L’amendement no 28 de M. Boris Vallaud est défendu.
La parole est à M. Pierre Cordier, pour soutenir l’amendement no 81.
Il s’agit d’un amendement de cohérence avec l’objectif de clarification des dispositions législatives applicables, d’une part, au CDI renforcé et, d’autre part, au prolongement et à l’extension de l’expérimentation TZCLD. La parole est à M. Paul-André Colombani, pour soutenir l’amendement no 97. Cet amendement vise à dissocier les expérimentations « territoires zéro chômeur »  et celle, créée par la présente loi, relative au CDI renforcé. En effet, chacun reconnaît la pertinence des deux systèmes : il ne faudrait pas les faire entrer en concurrence au sein du même fonds. La parole est à M. Christophe Blanchet, pour soutenir l’amendement no 122. Cet amendement, qui répond à une demande de l’association Territoires zéro chômeur de longue durée, vise à obtenir une précision en séance publique. Quel est l’avis de la commission ? J’aurais pu émettre un avis favorable sur ces amendements si l’article 3 avait été maintenu. Comme nous l’avons supprimé, ils n’ont plus de raison d’être. En conséquence, je demande leur retrait ; sinon, avis défavorable. Je serai en revanche favorable aux deux prochains amendements, nos 244 et 404, qui tirent les conséquences de la suppression de l’article 3. Quel est l’avis du Gouvernement ? Même avis.

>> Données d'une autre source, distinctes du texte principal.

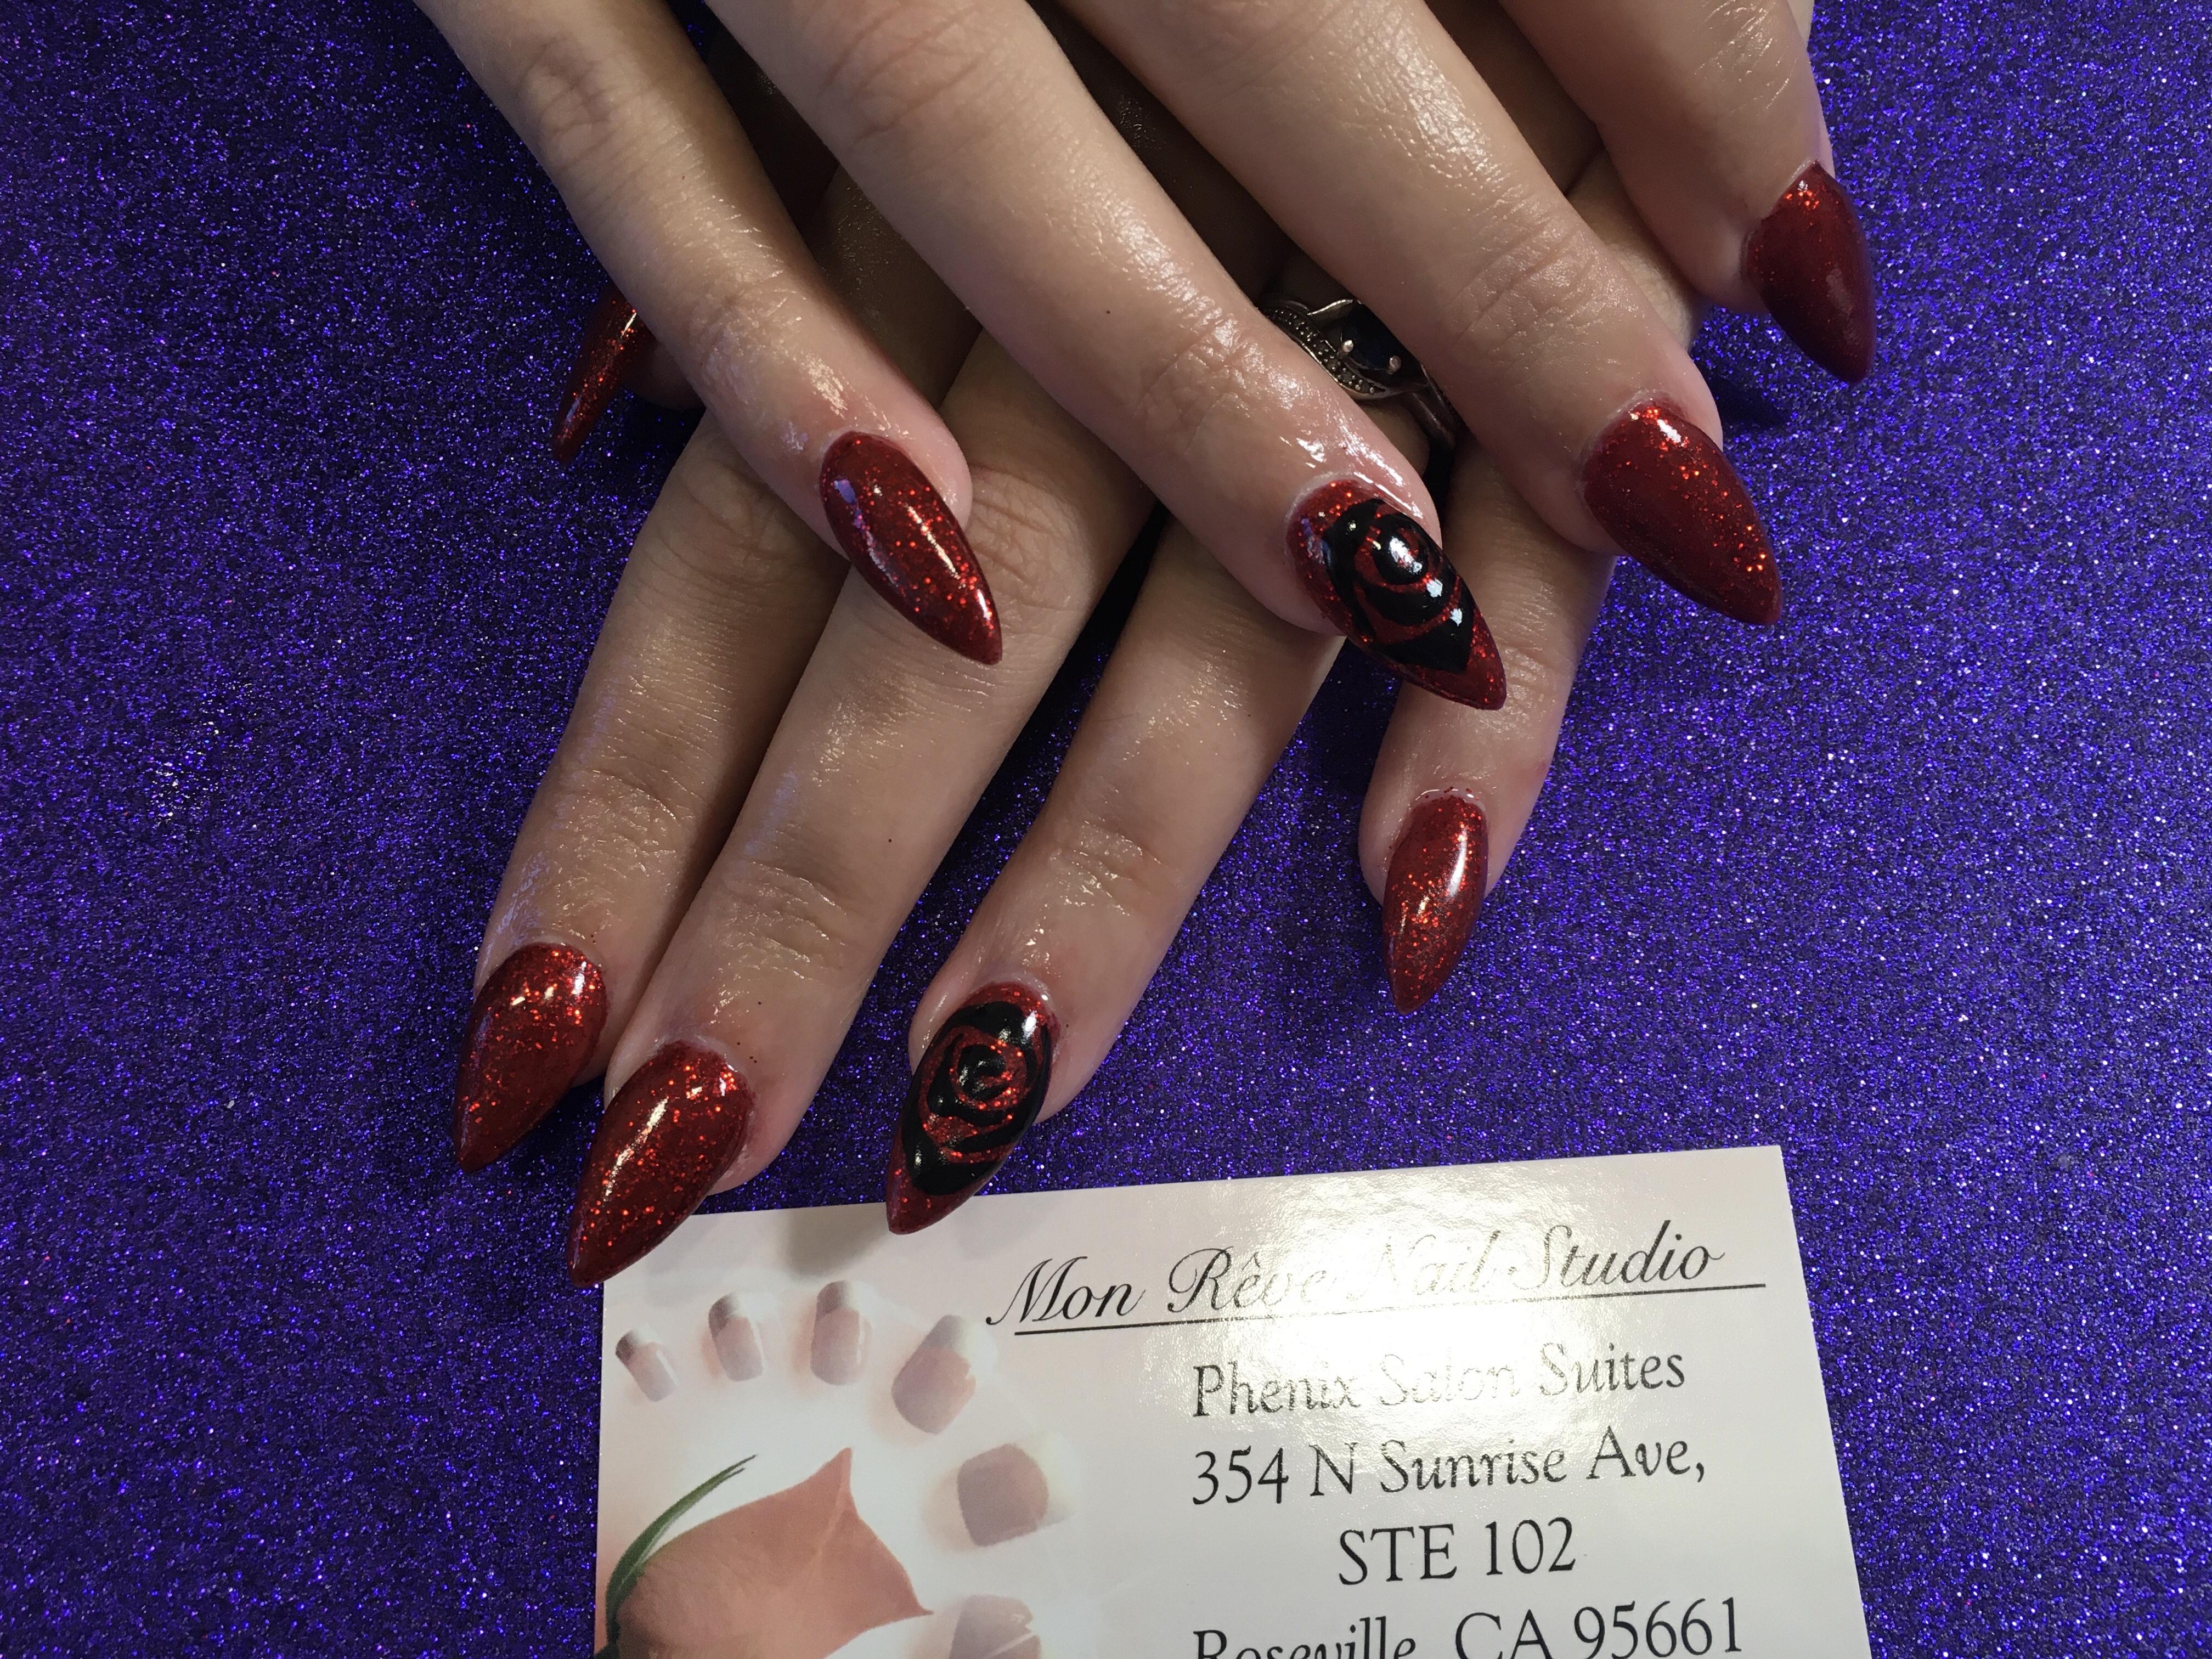 Mon R 234 Ve Nail Studio Acrylic Amp Dip Powder Nails Beauty Pros Near Me

(Les amendements identiques nos 28, 81, 97 et 122 sont retirés.) Les amendements identiques nos 244 de M. Stéphane Viry et 404 de M. Didier Baichère sont défendus.

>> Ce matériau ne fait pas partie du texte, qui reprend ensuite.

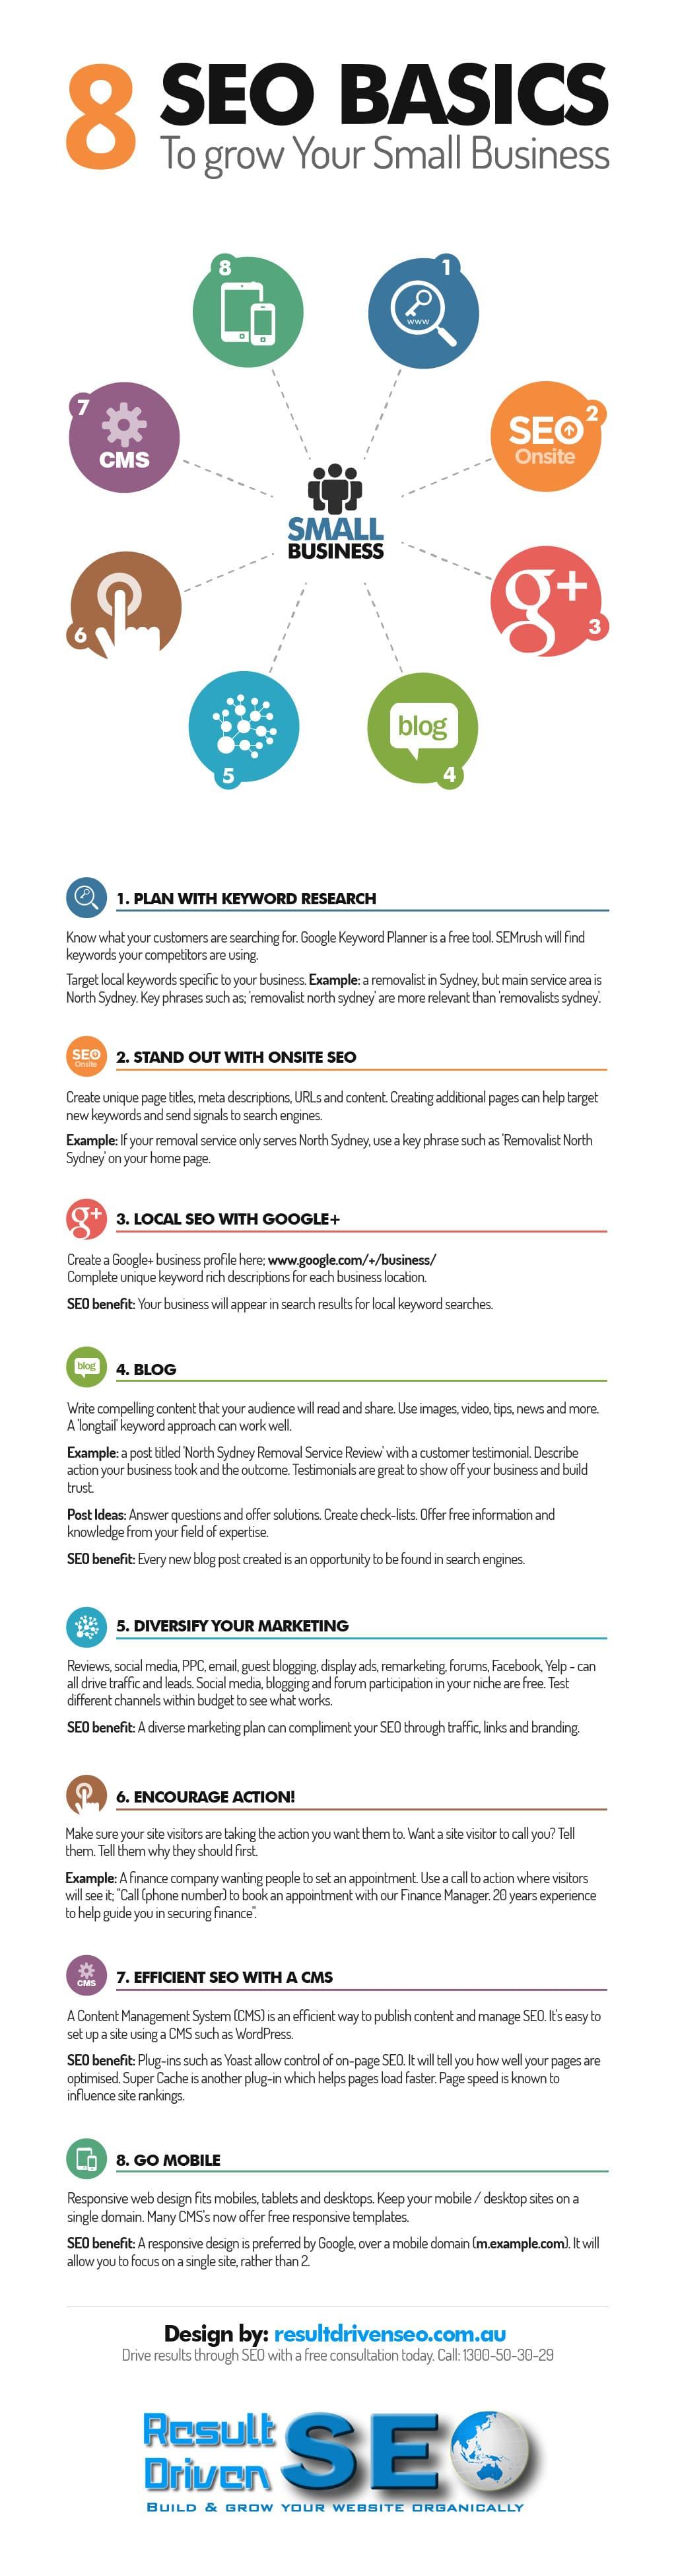 8 SEO Basics Infographic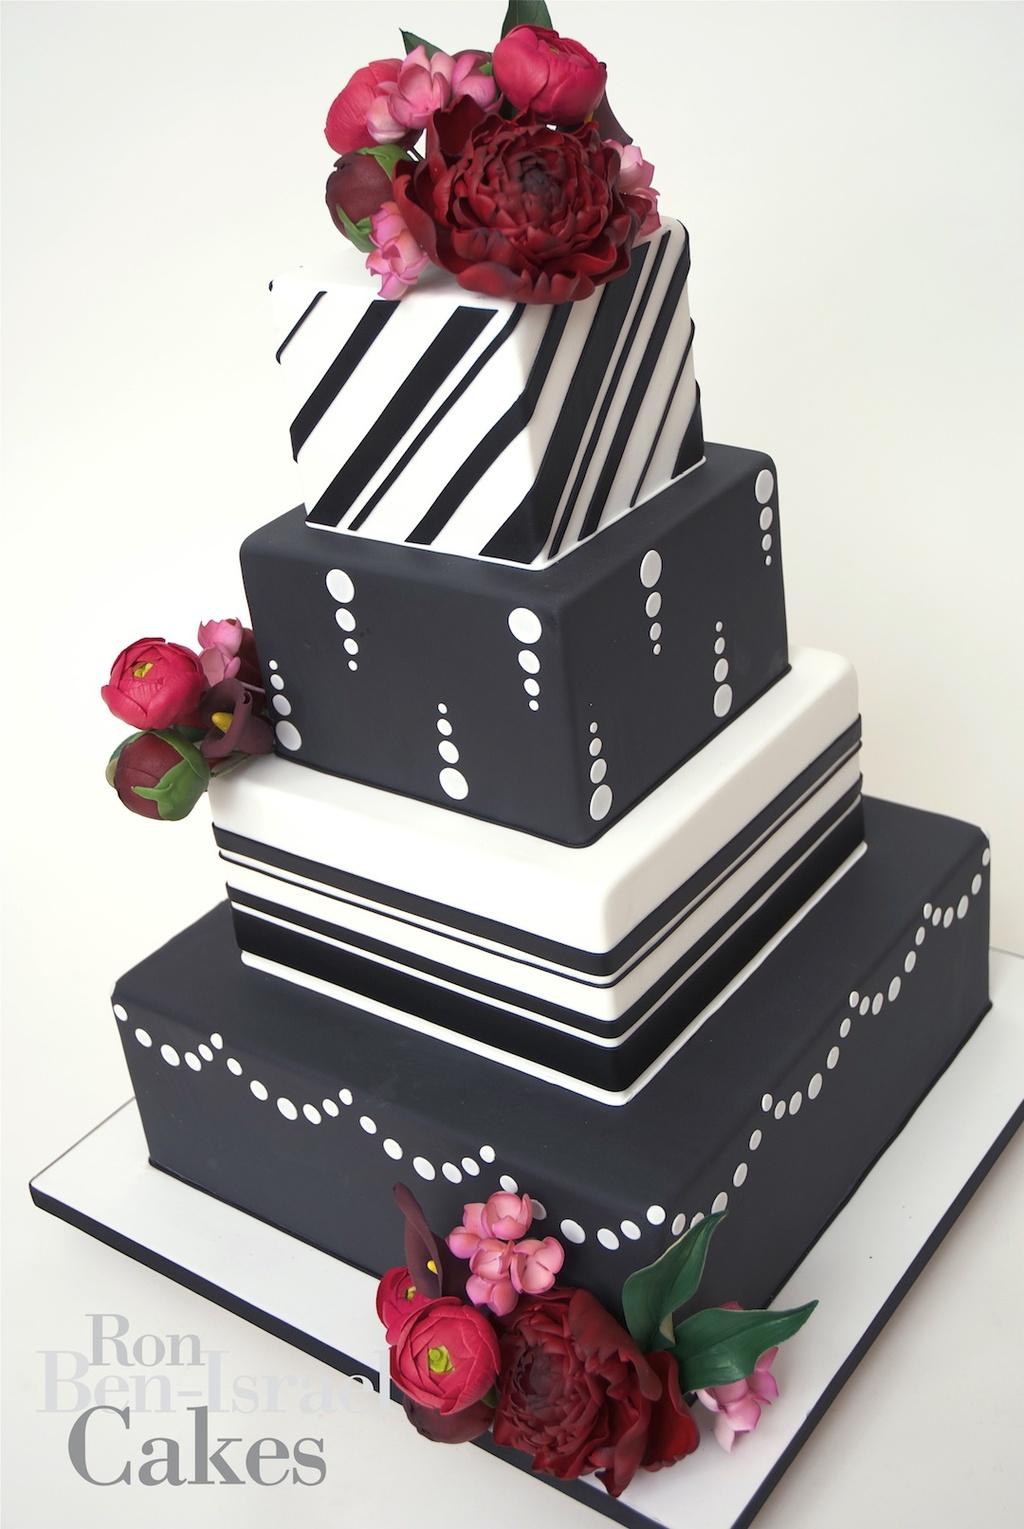 Wedding-cake-inspiration-ron-ben-isreal-wedding-cakes-black-white-red.full

Quel est l’avis de la commission ?
Ce sont les deux amendements qui tirent les conséquence de la suppression de l’article 3. Avis favorable. Quel est l’avis du Gouvernement ? Même avis.
(Les amendements identiques nos 244 et 404 sont adoptés.) Les amendements identiques nos 245 de M. Stéphane Viry et 406 de M. Didier Baichère sont défendus.
Quel est l’avis de la commission ?
Avis favorable : ce sont, eux aussi, des amendements de conséquence de la suppression de l’article 3.
(Les amendements identiques nos 245 et 406, acceptés par le Gouvernement, sont adoptés.) L’amendement no 342 de Mme Marie-Christine Verdier-Jouclas est rédactionnel.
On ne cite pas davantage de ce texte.